Menéndez had been working for Flour Mills in a small Nigerian town about five hours from the capital, Abuja, for about a year and was heading to the fields for the day when a group of armed men on motorcycles approached him and his group of workers. According to Menéndez’s sister, Manuela, the men fired their semi-automatics in the air, threatened the group and took Menéndez. The incident occurred around 10 am local time (6 am in Argentina) and the van was found abandoned two hours later.
“We believe they want money, but there has been no contact from the kidnappers,” Manuela told press. She added that she had contacted the Argentine embassy in Abuja and that “the consul and the ambassador were going to the field and are moving everywhere with the police in Nigeria.”
The attackers are suspected to be Islamist extremist group Boko Haram, though that fact remains unconfirmed (responding to journalists’ queries doesn’t seem to be at the top of their list, what with so many rural towns to terrorize). The militant group is said to have taken an estimated 18,000 lives since 2009.
Despite ever-expanding joint military operations by Nigeria, Cameroon, Chad and Niger, the terrorist group has revved up its campaigns ever since the inauguration of Nigeria’s new president, Muhammadu Buhari, in May.
If it was indeed Boko Haram, then the group has had a busy week. On Monday and Tuesday roughly 40 people were killed in separate attacks in the northeastern villages of Debiro Hawul and Gujba.
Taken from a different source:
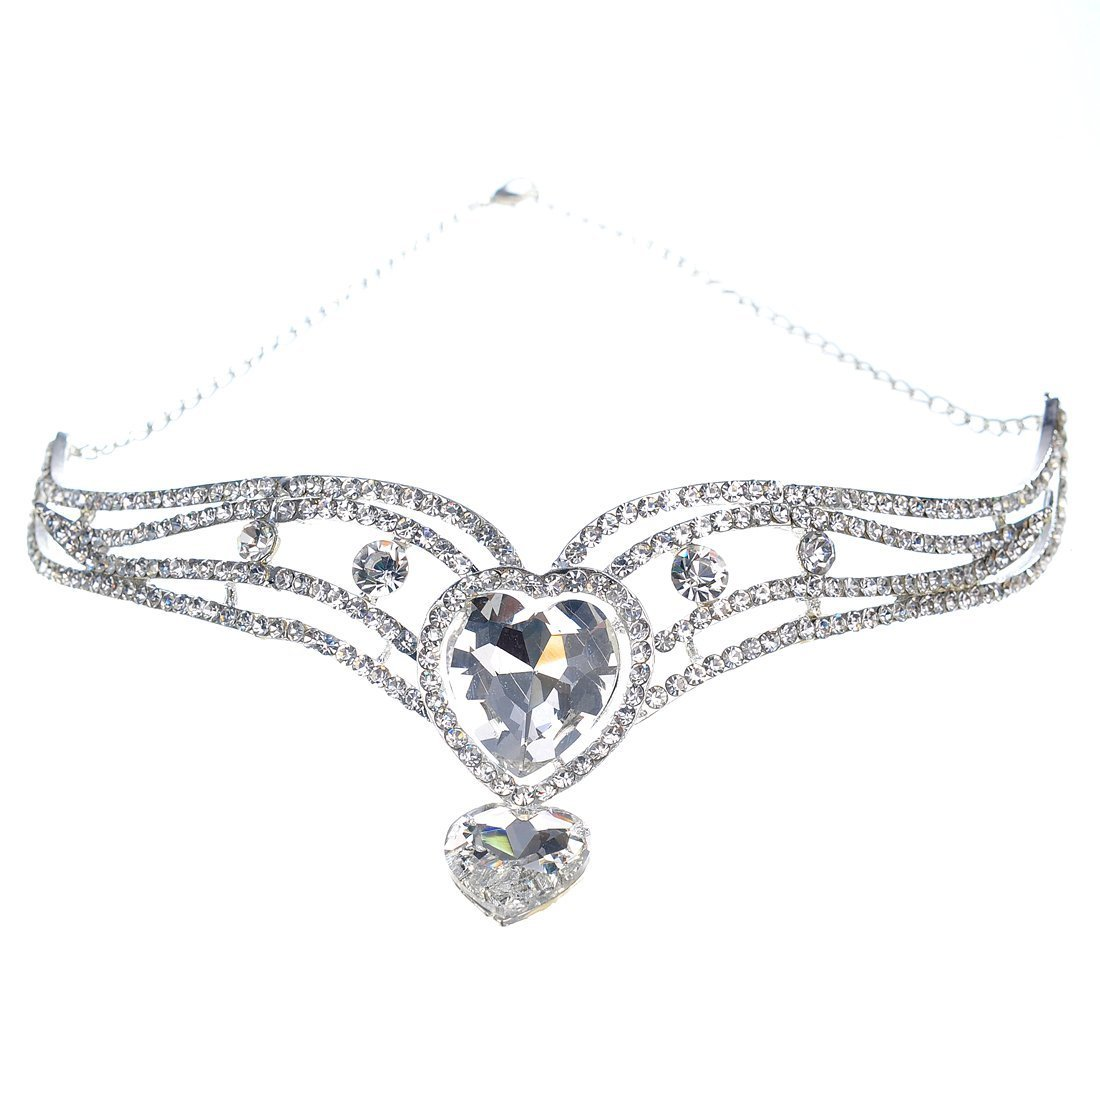 Remedios Luxury Crystal Rhinestone Wedding Headpiece Headband Princess Forehead Chain Tiara

Just to make matters slightly more terrifying, they recently declared their loyalty to bigger, badder Islamic State (IS).
Having a countryman kidnapped by a terrorist organization is extremely unusual for Argentina, but President Cristina Kirchner did get a bit of post from the leaders of ISIS last year, in which they threatened her life and called her “Satan” (and as much as some Argentines may dislike their head of state, calling her “Lucifer” is a bit of a stretch).
The Argentine government has yet to comment on the Menéndez situation.